Available data:
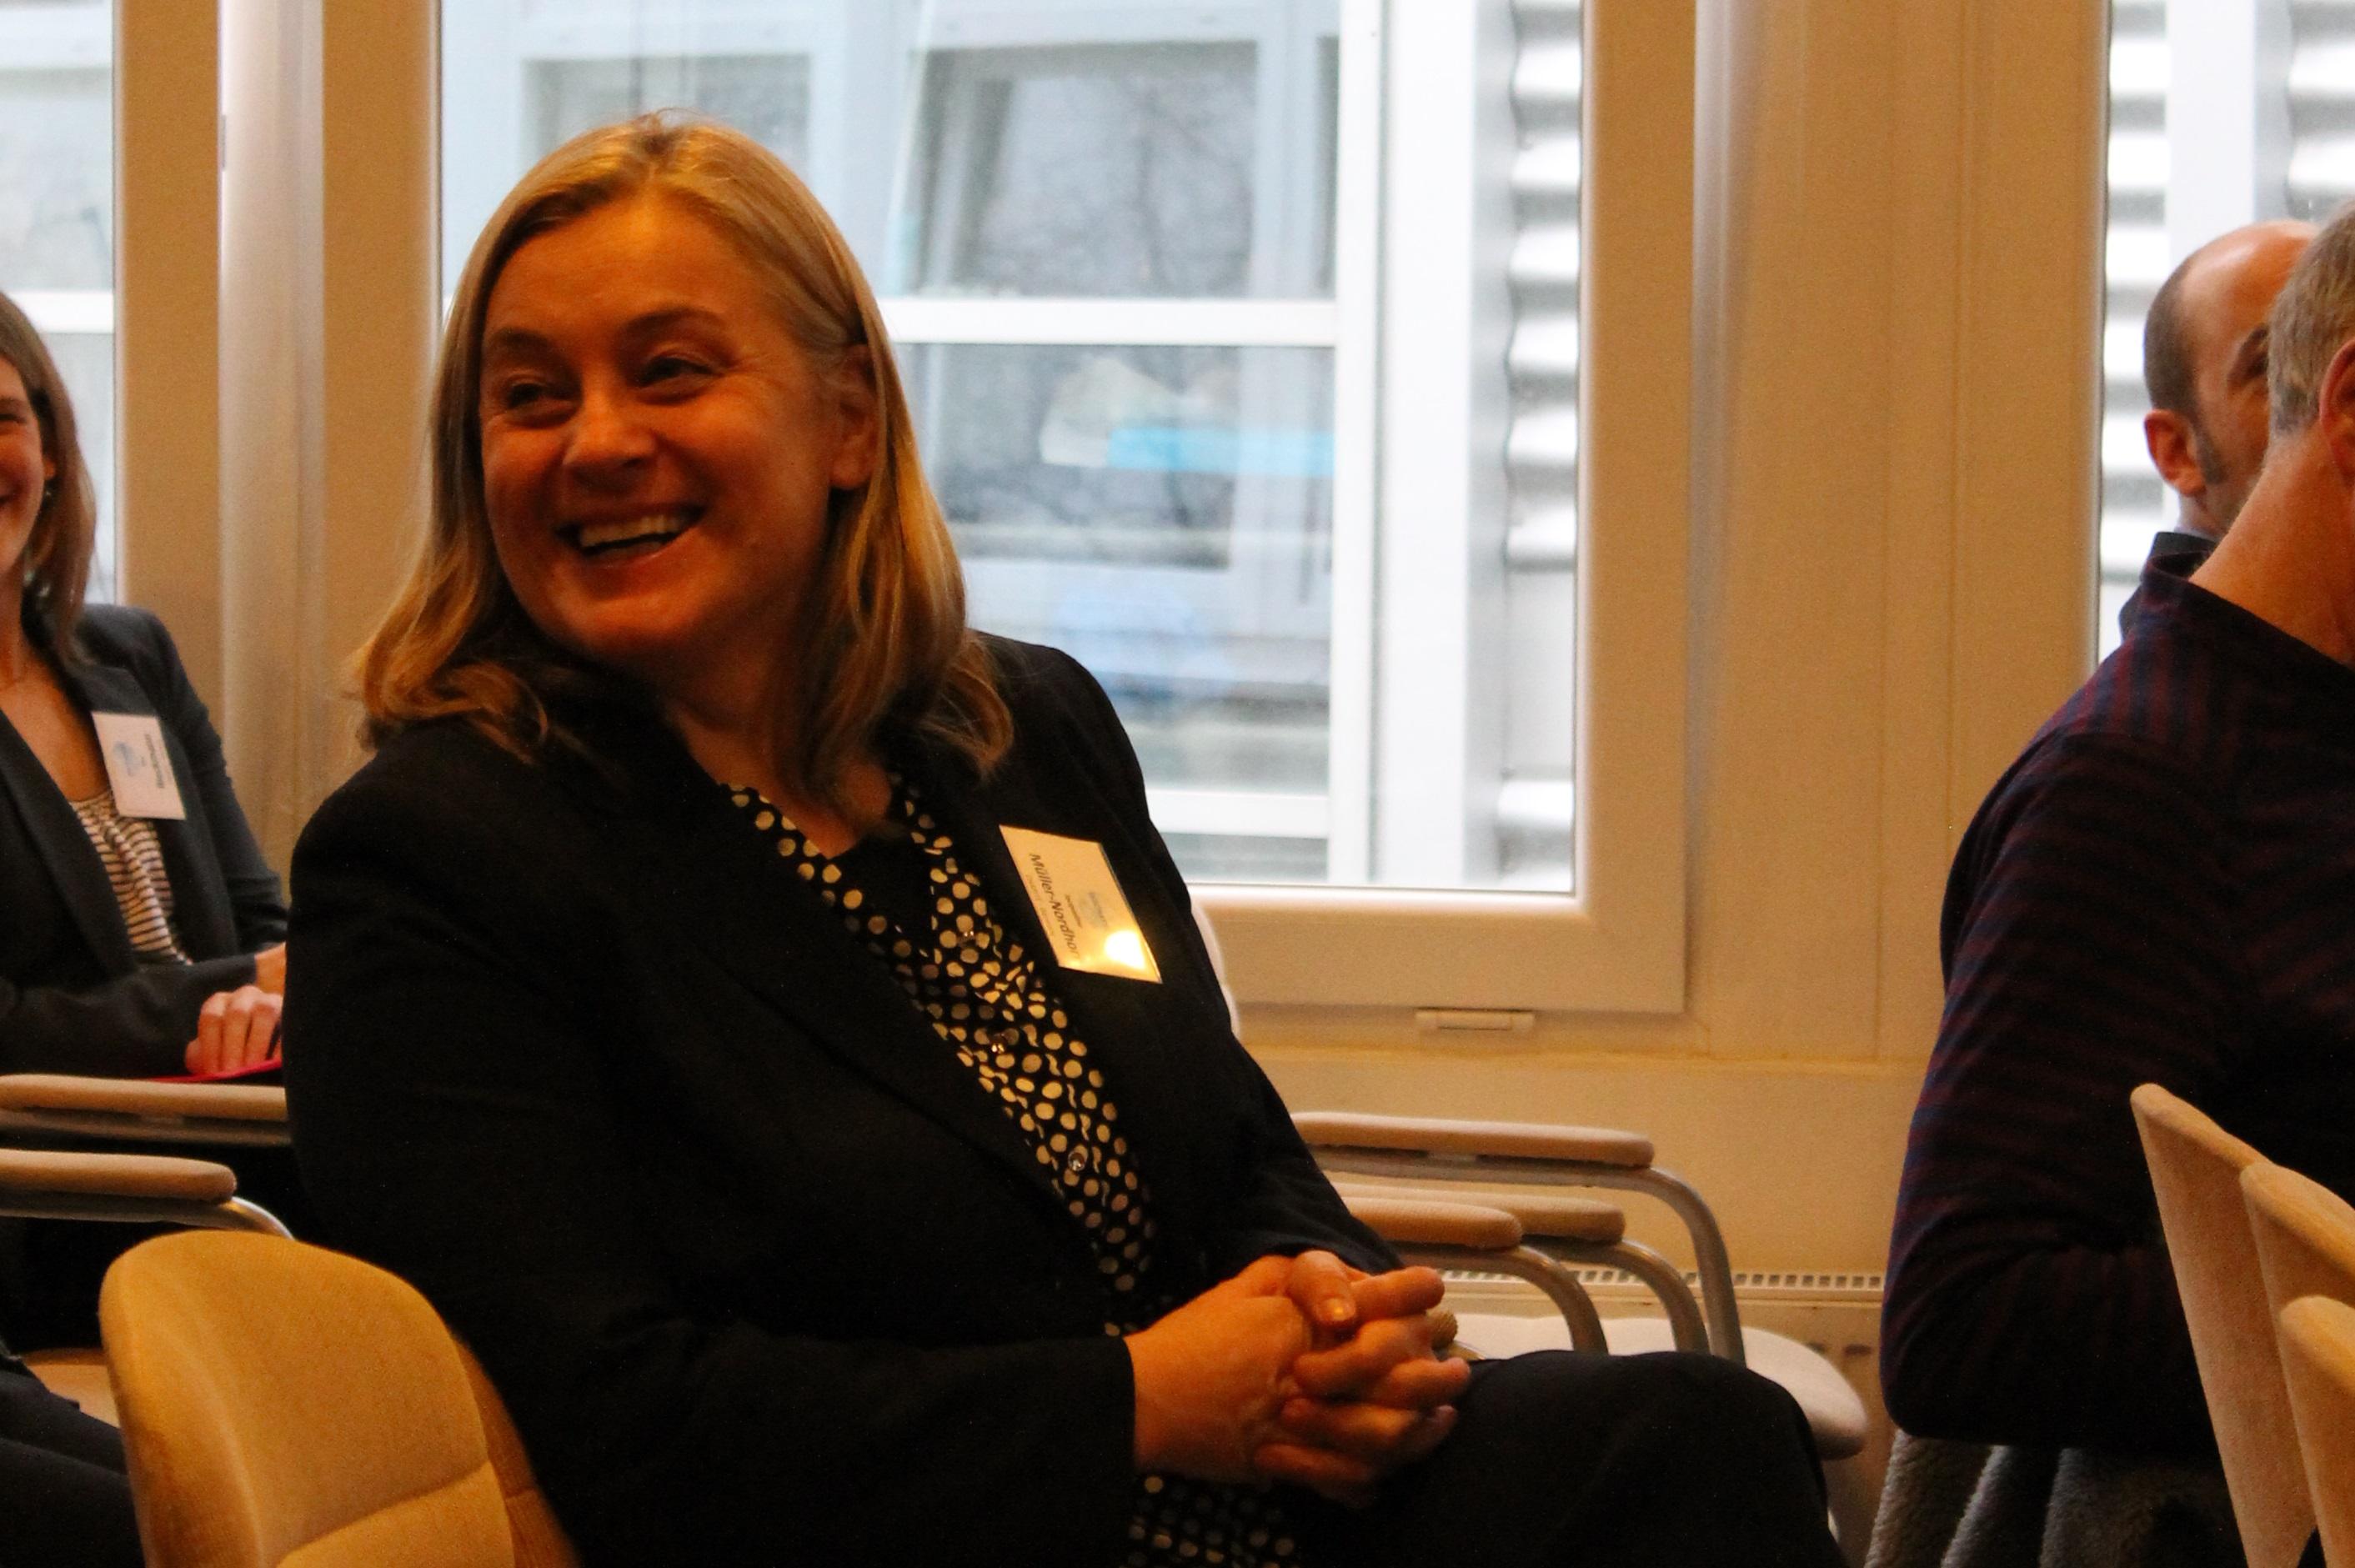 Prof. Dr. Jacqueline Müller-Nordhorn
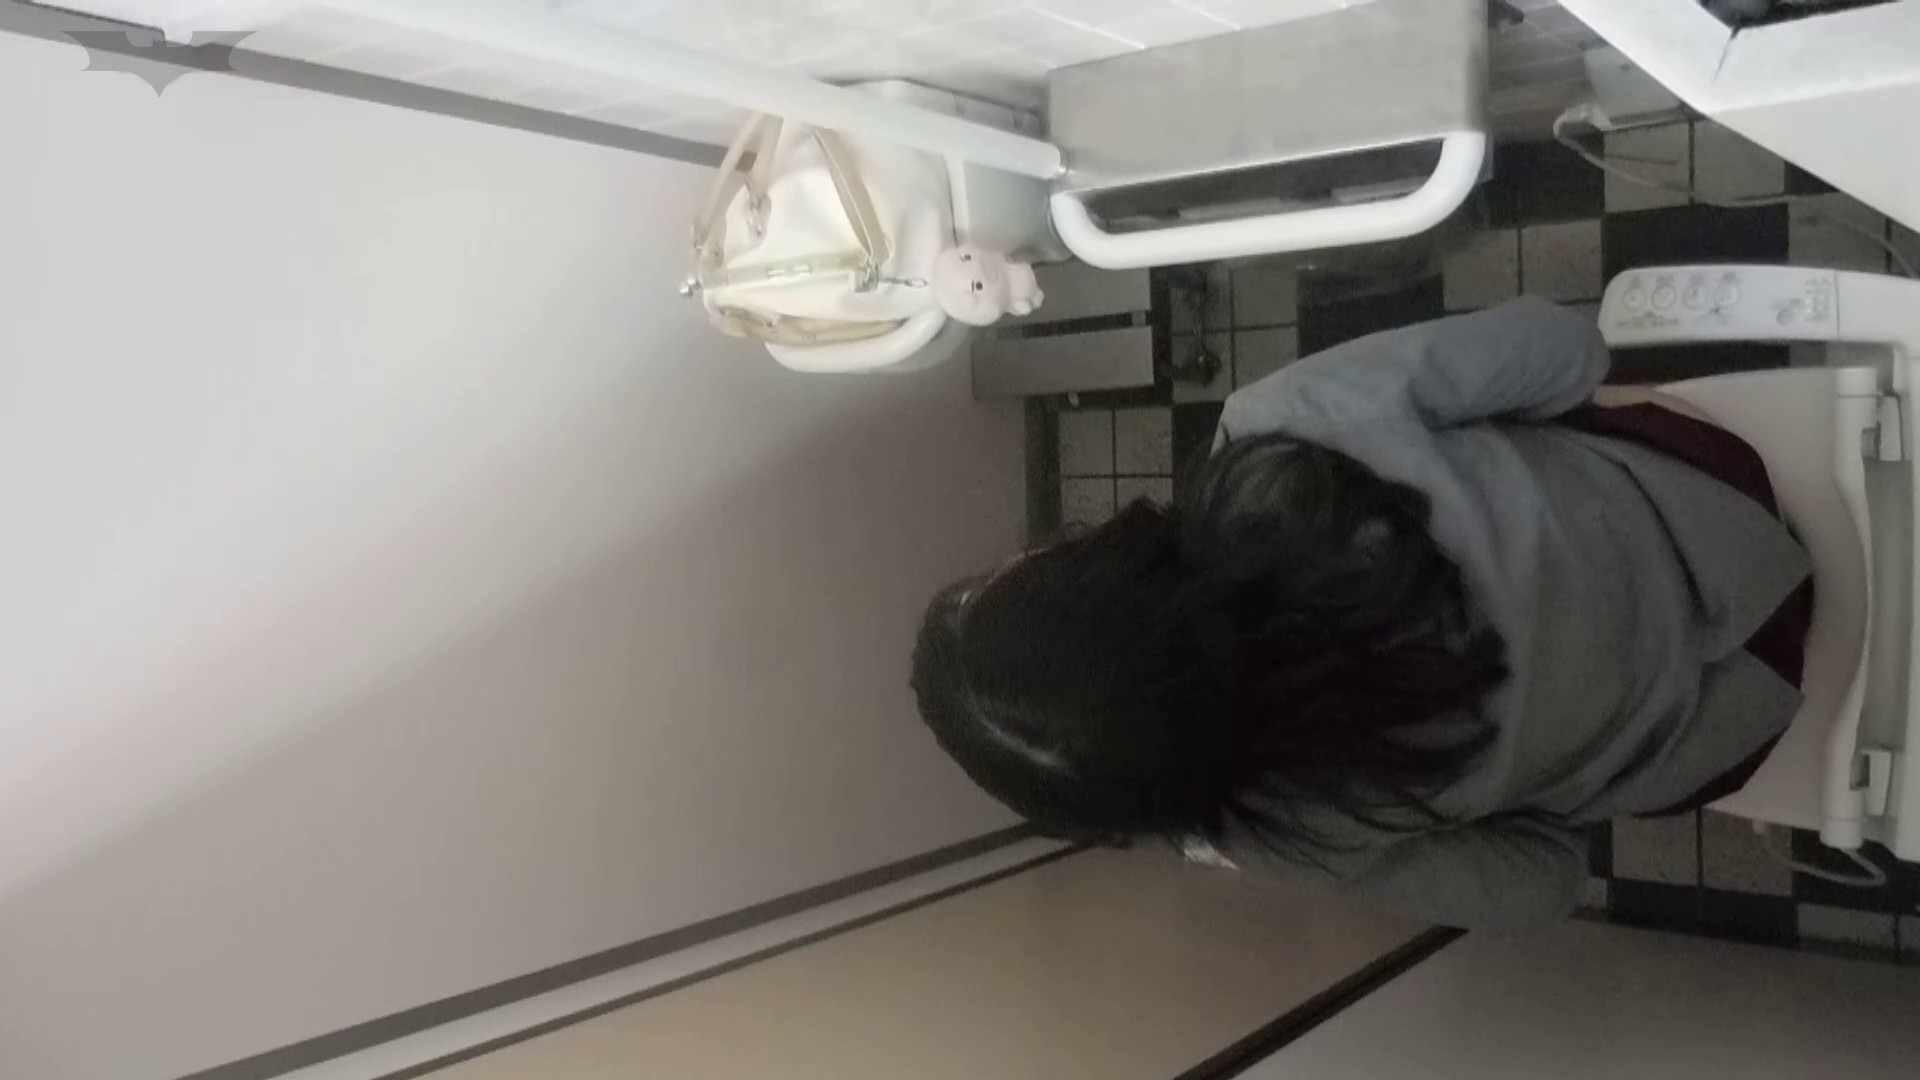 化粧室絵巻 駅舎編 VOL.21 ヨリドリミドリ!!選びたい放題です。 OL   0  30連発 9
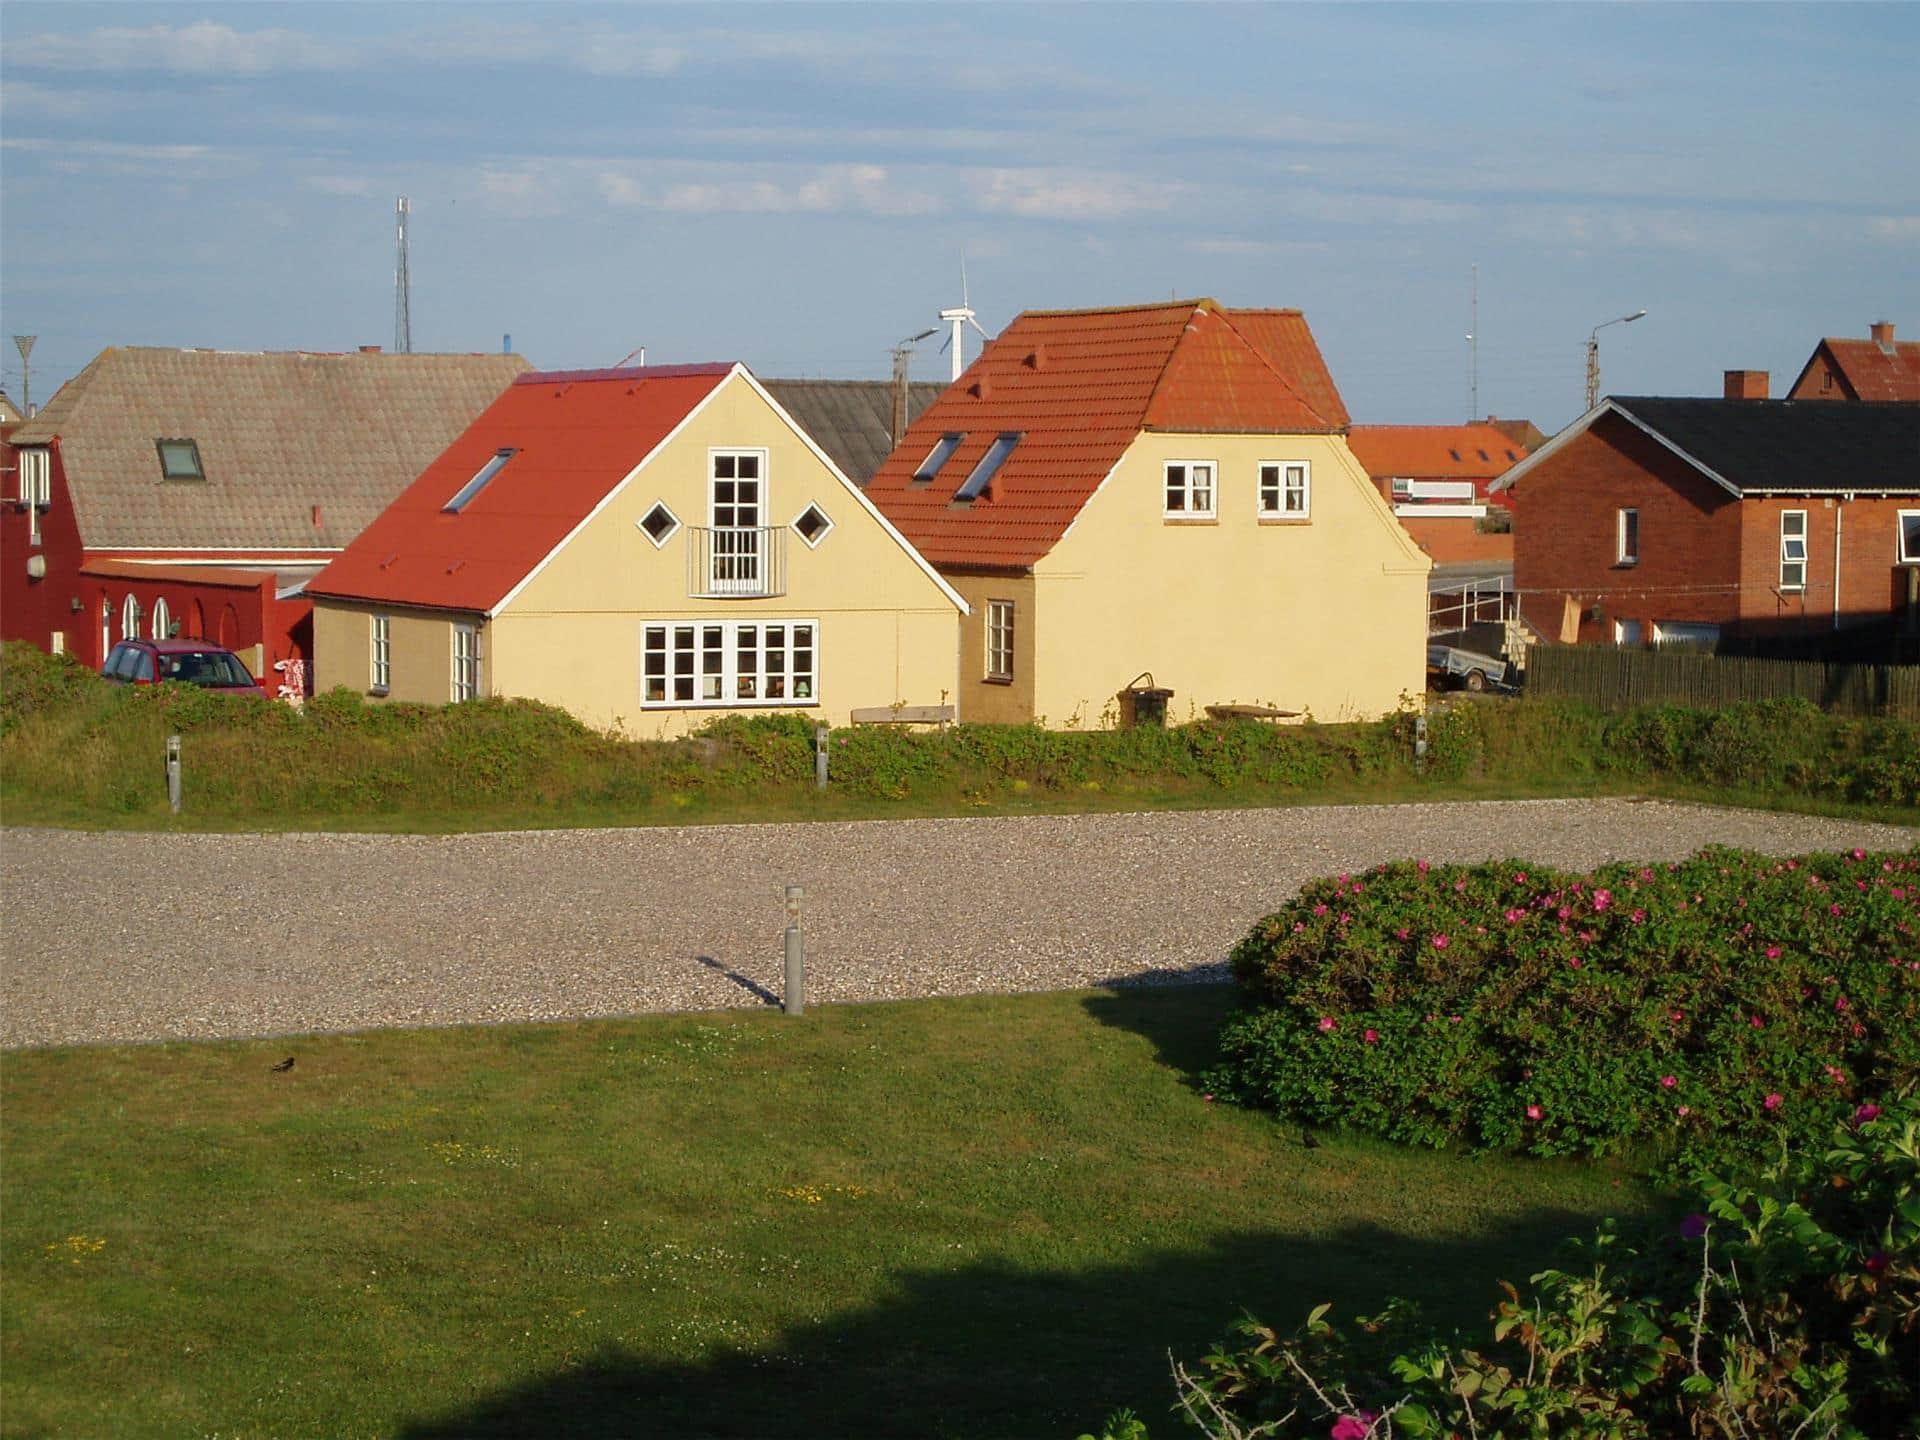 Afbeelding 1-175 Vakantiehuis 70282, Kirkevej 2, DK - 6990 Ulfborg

What to produce: Only the pictures are to be left out; write out all the other data exactly.

Answer box:
 Prof. Dr. Jacqueline Müller-Nordhorn
 化粧室絵巻 駅舎編 VOL.21 ヨリドリミドリ!!選びたい放題です。 OL   0  30連発 9
 Afbeelding 1-175 Vakantiehuis 70282, Kirkevej 2, DK - 6990 Ulfborg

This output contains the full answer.